After the August 2020 presidential elections there have been many recorded incidents involving the use of hate speech by state media. Although there is no internationally recognized definition of the term «hate speech» (another common name for this phenomenon is «language of enmity»), in general, it refers to a set of linguistic means that impart sharply negative characteristics to various groups of the population on national, political, and other grounds.

On April 29, the television channel STV aired an interview with deputy head Nikolai Karpenkov in which he denigrated opponents of the government and generalized opposition members as increasingly «looking like mad dogs» and international terrorists who have, therefore, put themselves outside the law.

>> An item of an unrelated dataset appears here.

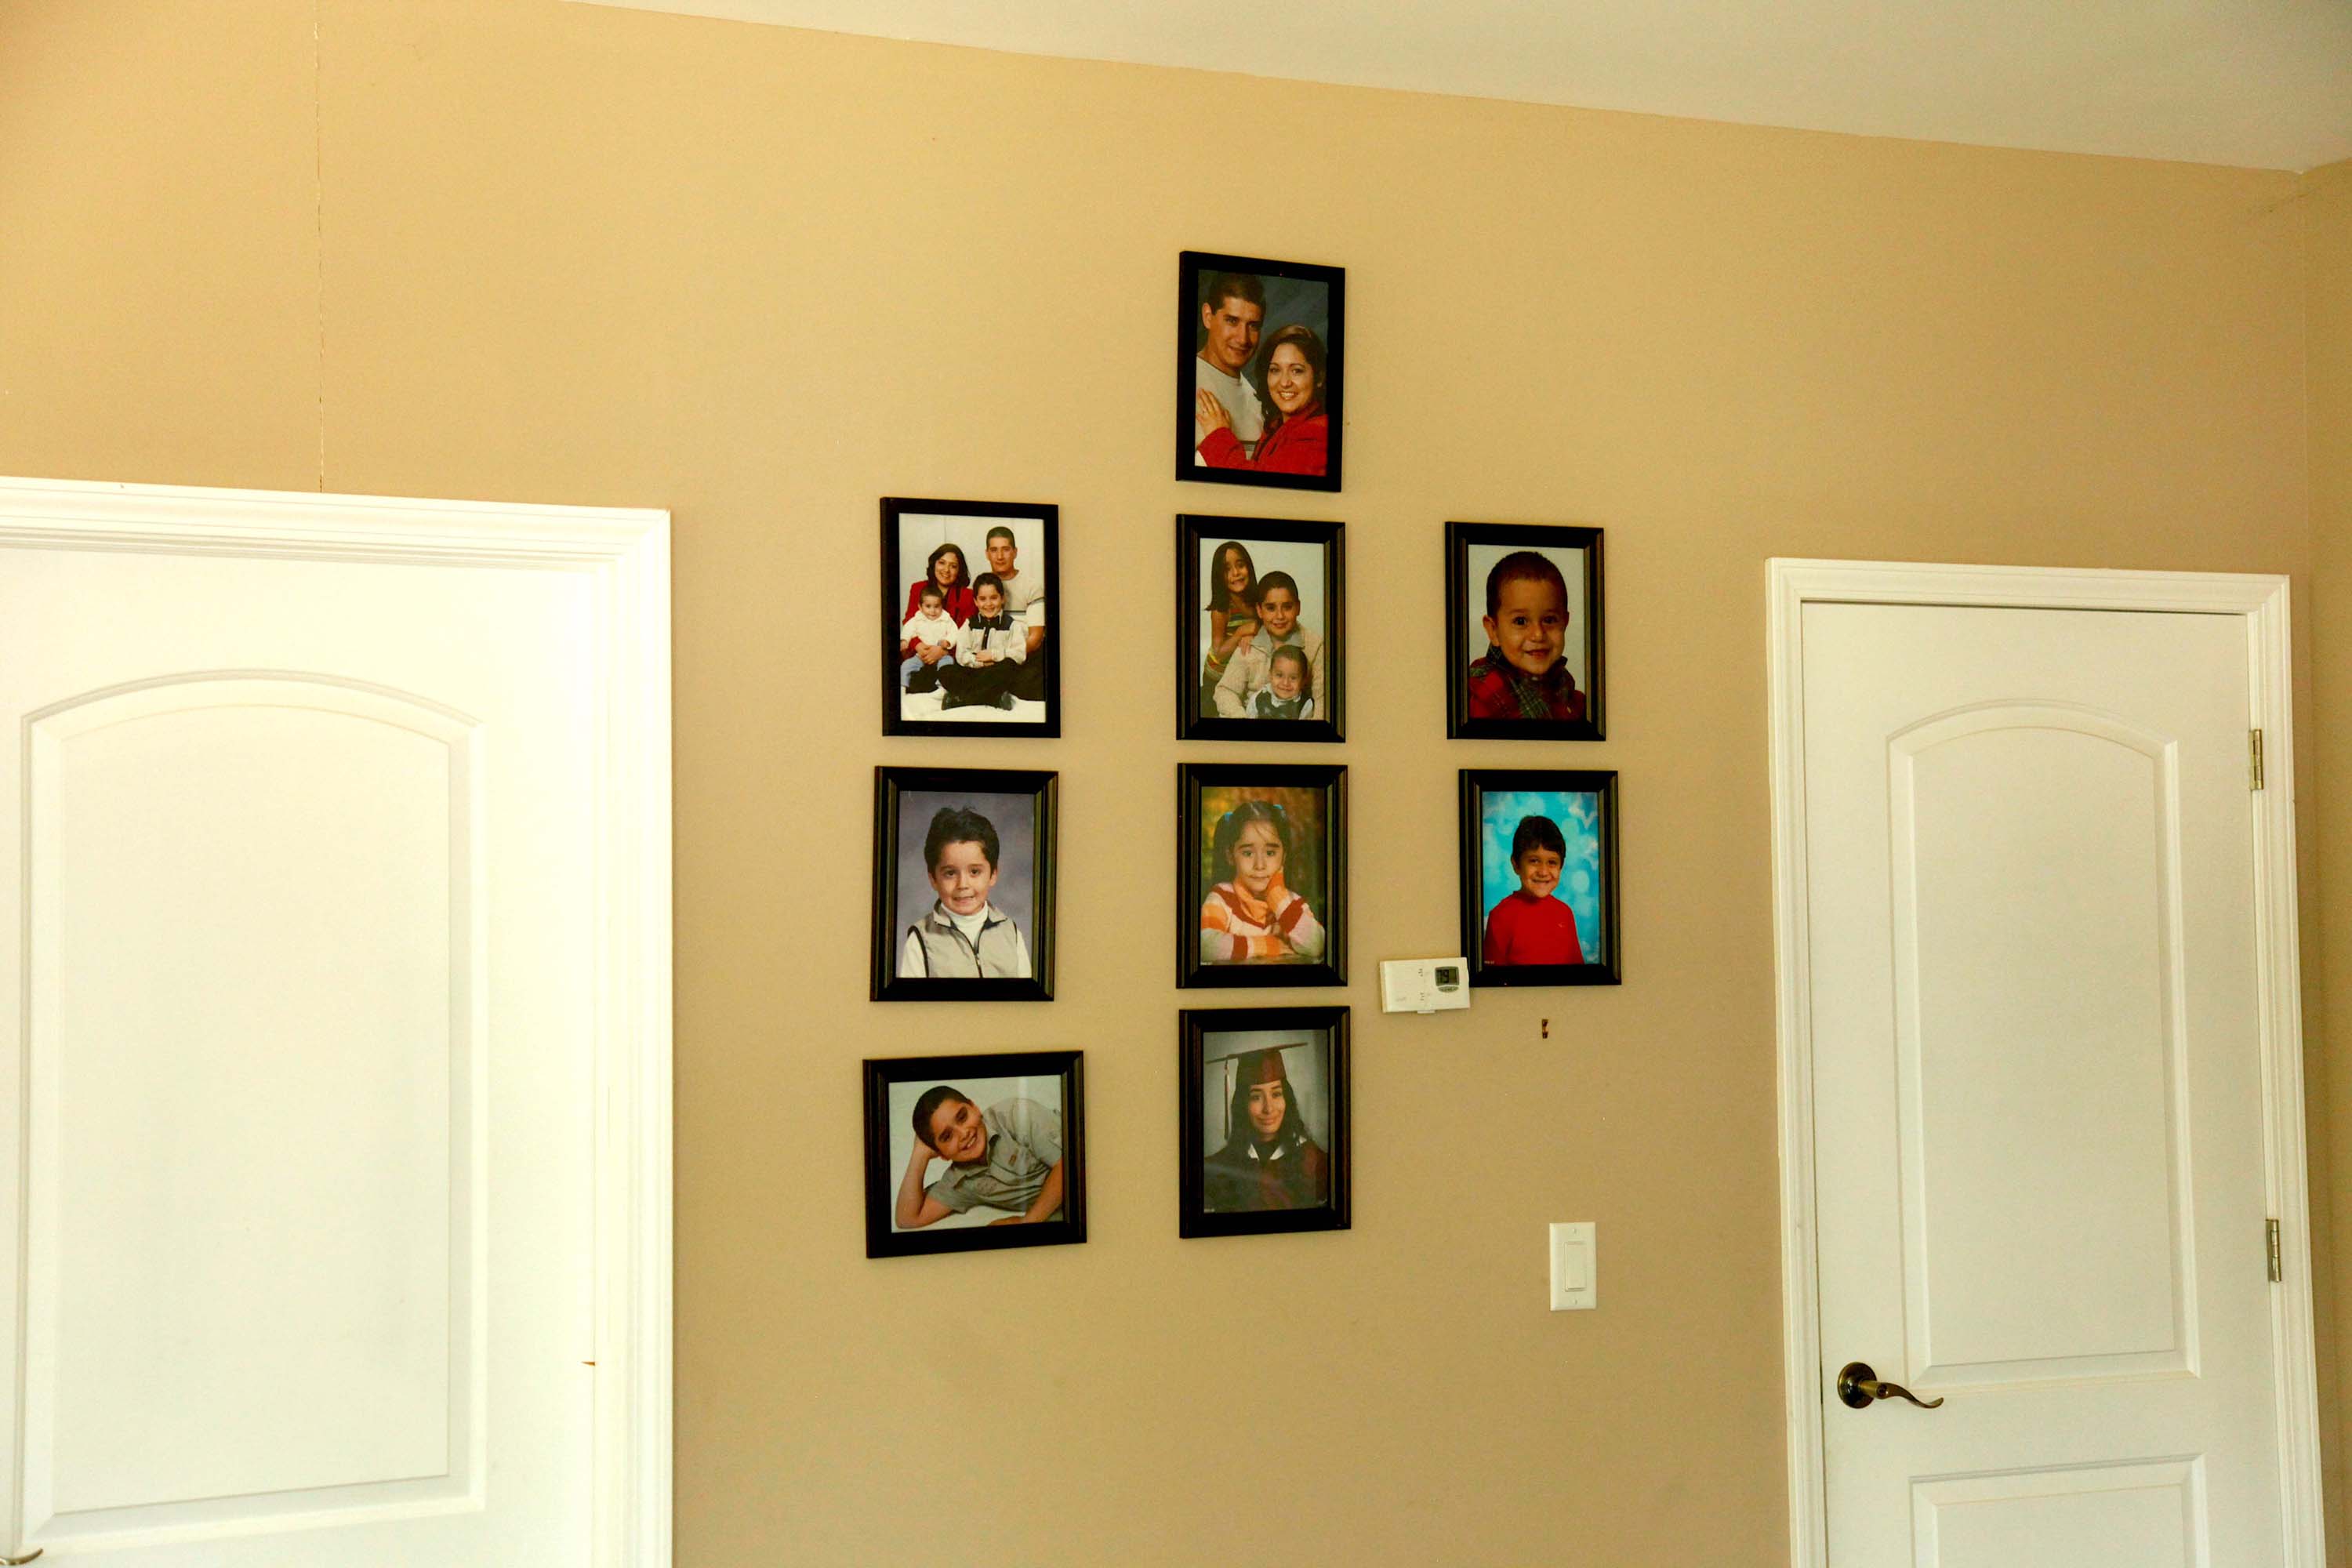 Framed photos adorn a mustard-colored wall, displaying the Avalos family through the years.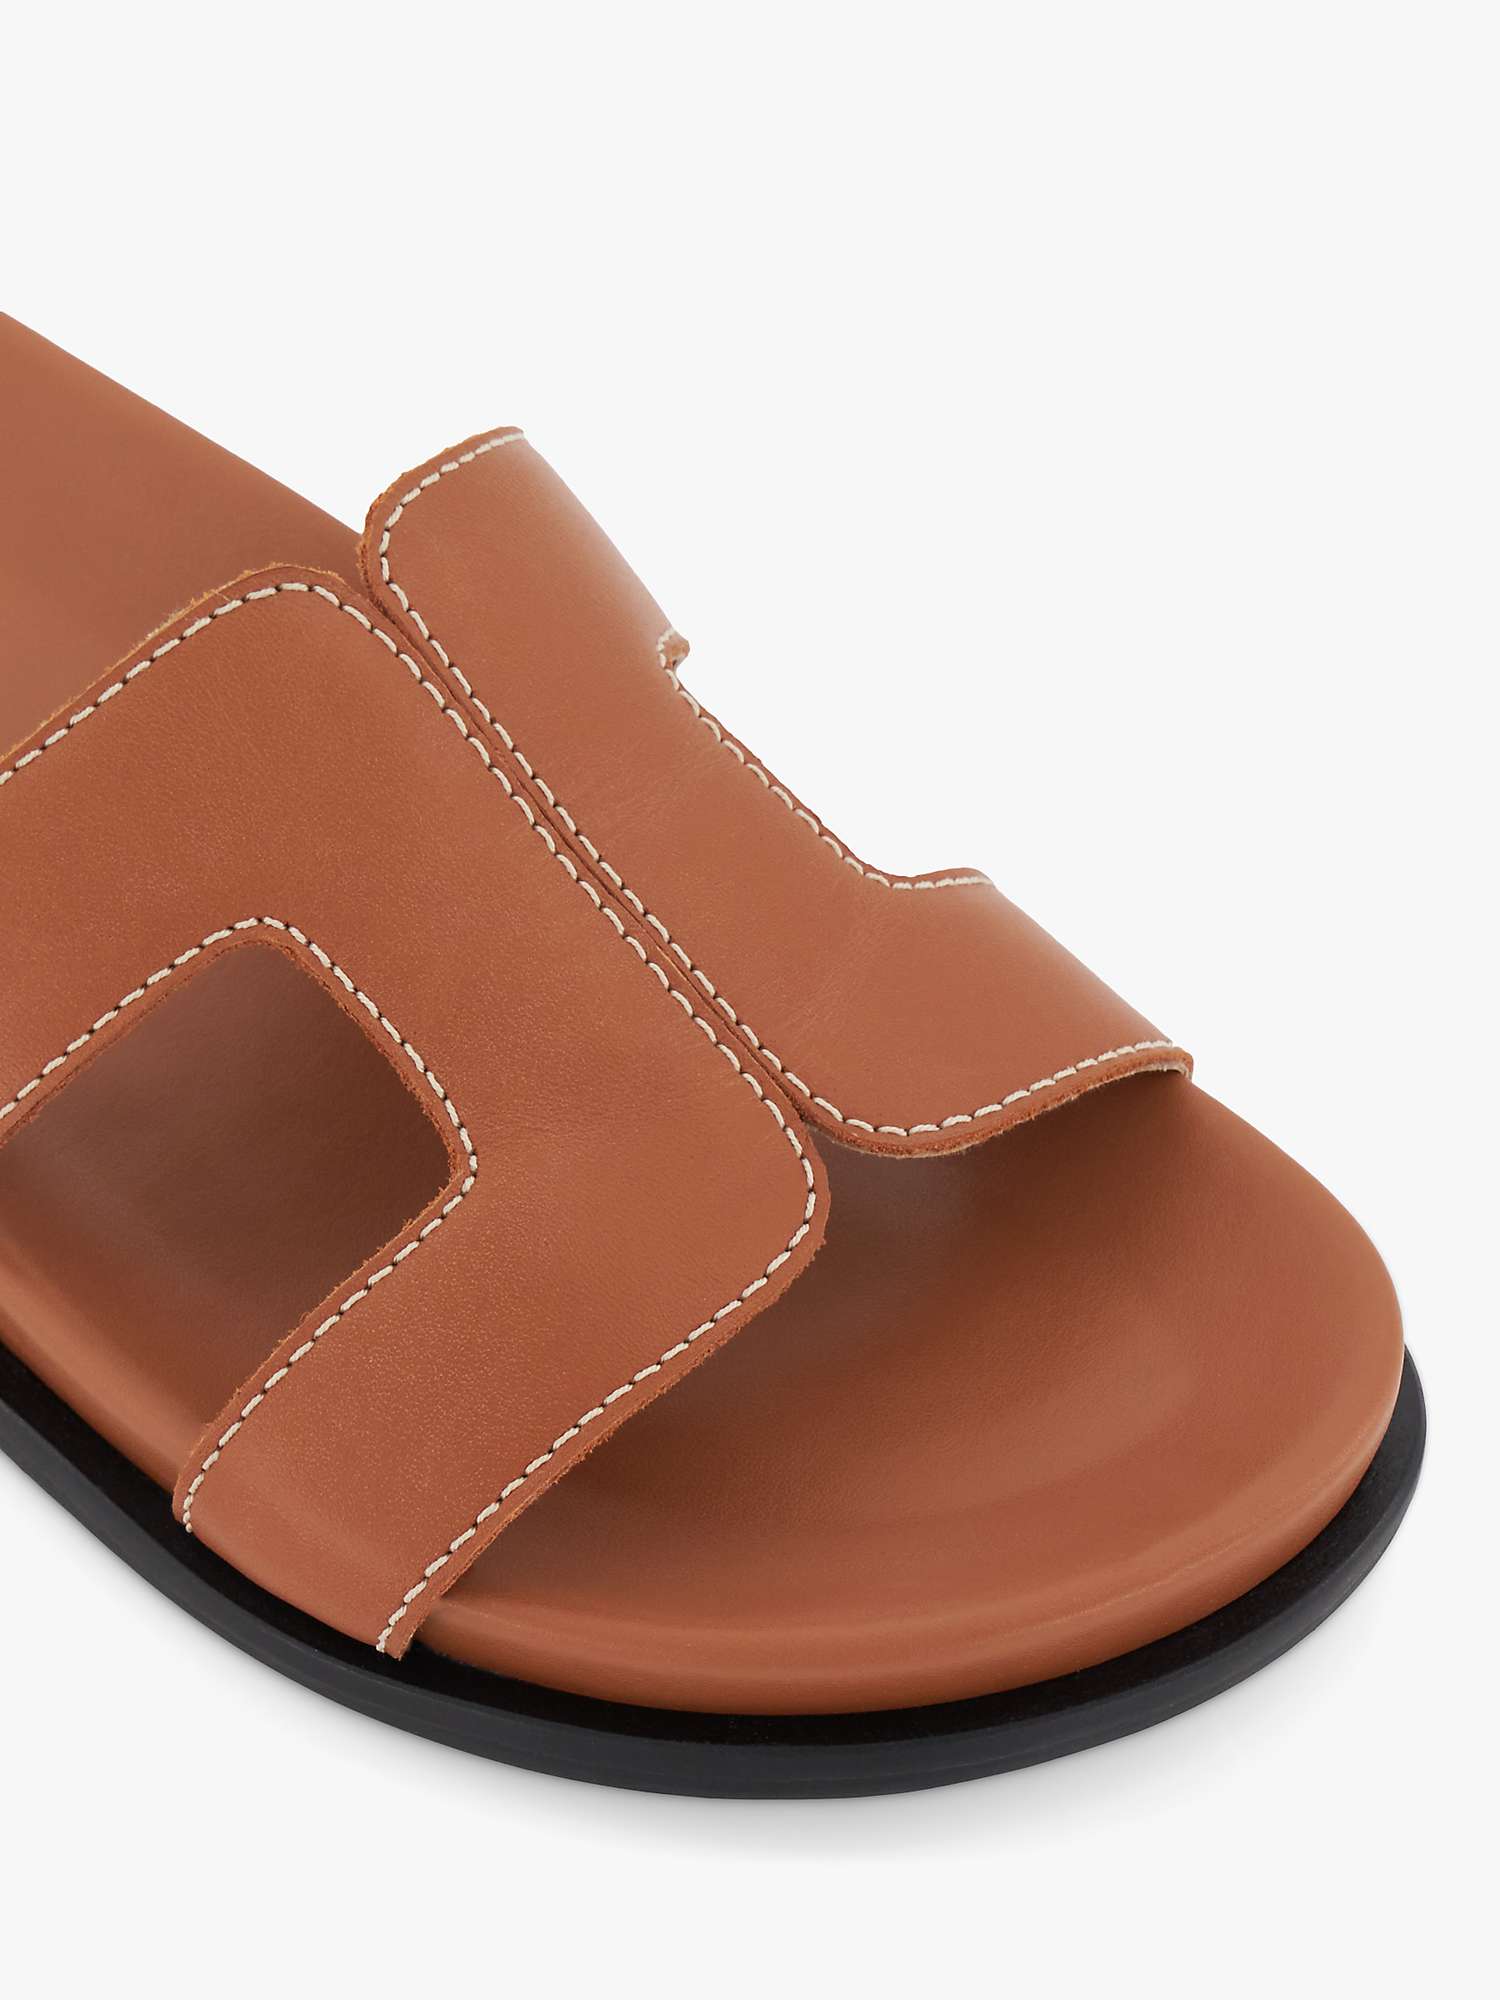 Buy Dune Wide Fit Loupa Leather Sandals, Tan Online at johnlewis.com

«This means that the fight against them will be carried out as the fight is carried out by Israeli units against terrorists. The fight will be carried out against them in the same way as the fight was carried out by the most humane state towards Osama bin Laden and his followers,» Karpenkov said.

The alleged (and not yet proven by the court) plans of a small group of people accused of preparing a coup were applied to a huge political group of the population, indiscriminately called the «opposition.» In other words, against all opponents of the current government.

State-owned media often bestow real or imagined negative characteristics of individuals or small groups of people on various communities.

By October 2020, Belarusian propaganda had settled on the label of «zmagars» in relation to political opponents and began to systematically attribute to them various offensive connotations, base feelings, and derogatory characteristics. Denigrating techniques have included:

  • Ascribing mental disabilities and negative qualities;
  • Attributing criminal, extremist, and terrorist actions;
  • Identifying as national traitors and using parallels with collaborators, fascists, and Nazis.

In addition, Belarusian television stories and state media materials sometimes contain open misogyny, insults to opponents, and even outright calls for violence.

Order of Judas and references to Nazi orderliness

The Order of Judas segment on STV catalogs various cultural figures and political and civil activists in a list of the most desperate sinners who allegedly «disgraced the Belarusian name.»

The segment host, Grigory Azarenok, calls the nominees for the Order of Judas nothing more than «a society of people united by the sin of betrayal who hate our state more than anyone.» And he depicts them not only with the «order» caption, but also against the background of hangman’s noose. Azarenok bestows the protagonists of the programs with various offensive epithets. For example, he calls the singer Margarita Levchuk an aphid and the politician Pavel Latushko «plump and rotten» and an «alcoholic bum.»

Screenshot of one of the issues of Order of Judas dedicated to the discrediting of the opera singer Margarita Levchuk


His partner at the television station Alexei Golikov, in one of their stories, spoke approvingly of the Nazi occupation and the execution of women and children for the slightest reason, saying the following about the barbaric military history:

«Everyone bought tickets, except for one woman and her granddaughter who was traveling with her. They were taken out of the train and in front of everyone they were shot right on the slope… In Belarusian society, in contrast to the post-election riots, the demand for order turned out to be quite high… I will say openly: I am a supporter of unpopular, undemocratic measures to preserve order.»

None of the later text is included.